14e juillet 1769 à Ferney
J'ai reçu ces jours cy, Monsieur, le plan du dictionaire du commerce; je vous en remercie.
Il y aura grâce à vous des commerçants philosophes. Je ne verrai certainement pas l'édition des cinq volumes, je suis trop vieux et trop malade; mais je souscris du meilleur de mon cœur, c'est ma dernière volonté. J'ai deux tîtres éssentiels pour souscrire; je suis vôtre ami et je suis commerçant. J'étais même très fier quand je recevais des nouvelles de Portobello et de Buenos-Aires. J'y ai perdu quarante mille écus. La philosophie n'a jamais fait faire de bons marchés, mais elle fait suporter les pertes. J'ai mieux réussi dans la profession de laboureur. On risque moins, et on est moralement sûr d'être utile.
Avouez qu'il est assez plaisant qu'un théologien qui pouvait couler à fond St Thomas et St Bonaventure embrasse le commerce du monde entier, tandis que Crozat et Bernard n'ont jamais lu seulement leur catéchisme. Certainement vôtre entreprise est beaucoup plus pénible que la leur; ils signaient des lettres écrites par leurs commis. Je vous souhaitte la trente troisième partie de la fortune qu'ils ont laissée, celà veut dire un million de bien que vous ne gagnerez certainement pas avec les libraires de Paris. Vous serez utile, vous aurez fait un excellent ouvrage
Le commerce des pensées est devenu prodigieux. Il n'y a point de bonne maison dans Paris et dans les païs étrangers, point de château qui n'ait sa bibliothêque. Il n'y en aura point qui puisse se passer de vôtre ouvrage; tout s'y trouve puisque tout est objet de commerce.
Vôtre ami et vôtre confrère en Sorbonne a donc quitté la théologie pour l'histoire comme vous pour l'économie politique.
Vous savez sans doute qu'il fait actuellement une belle action. Je lui ai envoié Sirven, il a la bonté de se charger de faire rendre justice à cet infortuné. La philosophie a percé dans Toulouse, et parconséquent l'humanité. Sirven obtiendra sûrement justice, mais il a pris la route la plus longue, il ne l'obtiendra que très tard, et il sera encor bien heureux; son bien reste confisqué en attendant. N'est-ce pas un objet de commerce que la confiscation? car il se trouve qu'un fermier du domaine gagne tout d'un coup la subsistance d'une pauvre famille, et par un virement de parties le bien d'un innocent passe dans la poche d'un commis.

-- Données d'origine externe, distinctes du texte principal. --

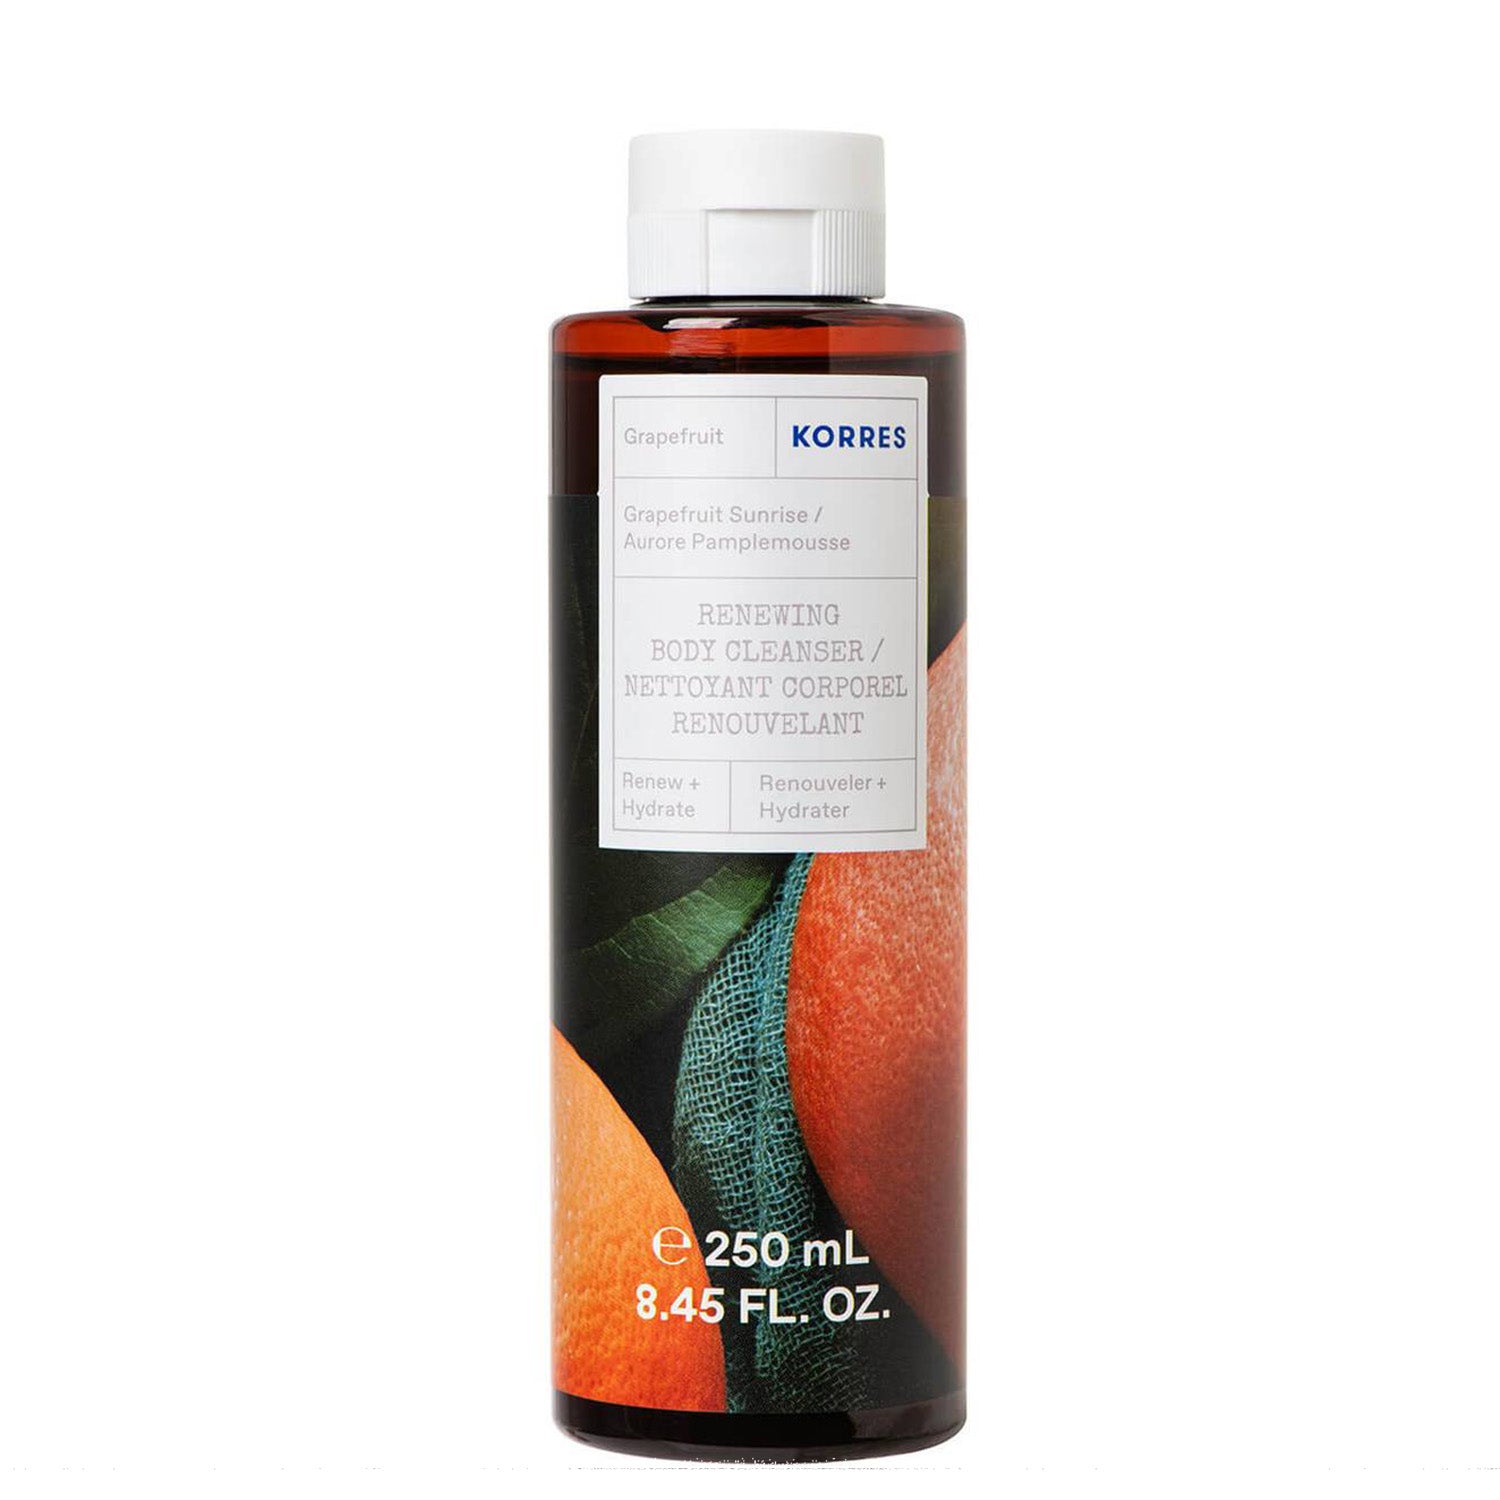 Korres Grapefruit Sunrise Shower Gel refreshing aroma is a blend of freshly cut grapefruit, coupled with sweet neroli and bergamot scents.

On me fait à moi une autre injustice; on m'impute une histoire du parlement en deux petits volumes. Il y a dans cette histoire des anecdotes de greffe, dont Dieu merci je n'ai jamais entendu parler. Il y a aussi des anecdotes de cour que je connais encor moins et dont je ne me soucie guères. L'ouvrage d'ailleurs m'a paru assez superficiel, mais libre et impartial. L'auteur, quelqu'il soit, a très grand tort de le faire courir sous mon nom. Je n'aime point en général qu'on morcelle ainsi l'histoire. Les objets intéressants qui regardent les différents corps de l'état doivent se trouver dans l'histoire de France, qui par parenthèse, a été jusqu'icy assez mal faitte.
Continuez, Monsieur, vôtre ouvrage aussi utile qu'immense, et songez quelquefois en y travaillant que vous avez au pied des Alpes un partisan zèlé et un ami.
Voulez vous bien envoier à vôtre libraire Etienne le petit billet cy joint?